Is it easy to set up?

----------

## pilla

It's not very hard... you need  to:

1) setup a new user for nessus  -- "nessus-adduser"

2) run "nessud" as root

3) run "nessus" (the GUI) as normal user and then login in as the user you added in (1)

4)choose the options you want to scan

5)choose the hosts you want to scan (Target Selection)

6) Run!

(I hope I haven't forgotten something importat...)

 *Zu` wrote:*   

>  *Bloody Bastard wrote:*   nessus is a good tool to find vulnerabilities in your system. It scans your ports and generates reports about vulnerabilities and proposes some remedies, sometimes =) 
> 
> Is it easy to set up?

 

----------

## nitro322

 *Bloody Bastard wrote:*   

> 1) setup a new user for nessus  -- "nessus-adduser"
> 
> 2) run "nessud" as root
> 
> 3) run "nessus" (the GUI) as normal user and then login in as the user you added in (1)
> ...

 

You'll also probably have to run nessus-mkcert to create a certificate.  Also, you'll probably want to start it with 'nessusd -D' instead, so it gets forked to the background.

----------

## Zu`

 *Bloody Bastard wrote:*   

> It's not very hard... you need  to:
> 
> 1) setup a new user for nessus  -- "nessus-adduser"
> 
> 2) run "nessud" as root
> ...

 

Thanks, I'll try it out.

----------

## TuxFriend

 *rajendra82 wrote:*   

>  ICMP port is shown as open

 

change RFC_1122_COMPLIANT="yes" to RFC_1122_COMPLIANT="no"

TuxFriend

----------

## network

How exactly does not sending ICMP echo-requests and port-unreach packets back qualify as being more secure?  IMO these scanning website are giving new firewall users misleading information.  By default NO services are availalble to external machines, though yes, the firewall does send icmp-port-unreach packets (telling the connecting host that the port is not available...) as per internet standards.

I invite insightful responses.

Scott Bartlett

Projectfiles.com Linux Firewall Maintainer

----------

## mglauche

filtering icmp in gereral is a bad idea (but it seems popular along novice firewall users)

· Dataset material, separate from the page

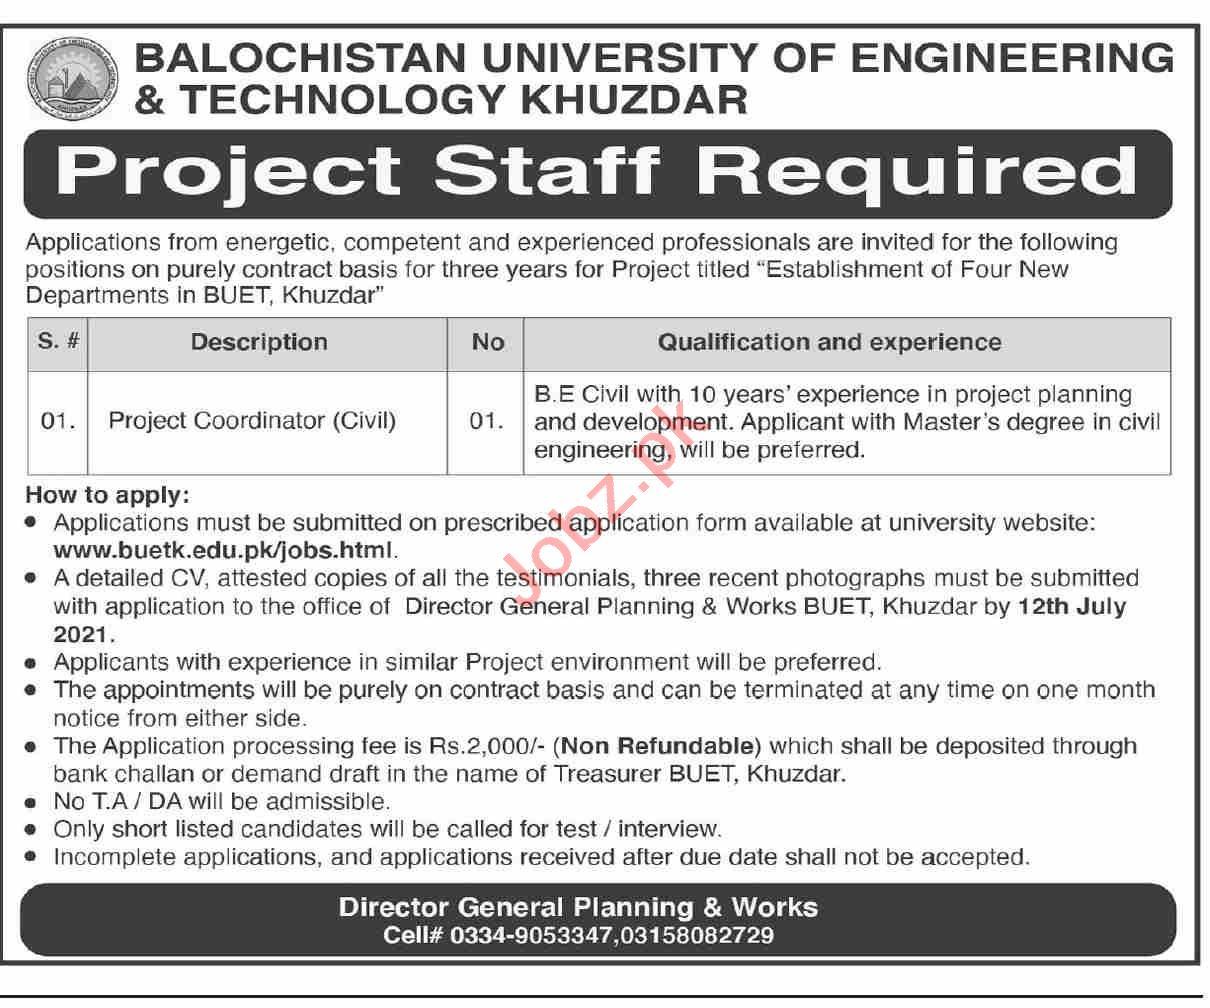 Balochistan University of Engineering & Technology BUET Jobs

icmp is good for a various things from admin-usage (does that host work ?) to Congestion-Controll-Messages (ECN, Excpicit Congestion Notify, can be send by a router(!) to sender, much better behaviour during congestion !)

However .. limiting icmp messages is good  :Wink:  (also blocking unnormal large packets, etc) but does not help much if you are a end user ...  :Smile: 

----------

## TuxFriend

 *network wrote:*   

> How exactly does not sending ICMP echo-requests and port-unreach packets back qualify as being more secure? I invite insightful responses.

 

It's good to be able to use ping when you are the originator. I agree that letting ICMP trough the firewall isn't a huge security risk, however the best security is if unknown people don't know that your machine exist. The counterpart of security is functionality so I wonder what functionality do you want to provide to unknown people by letting them know that your machine exist? If you are not able to answer that question it's better to drop ICMP.

TuxFriend

----------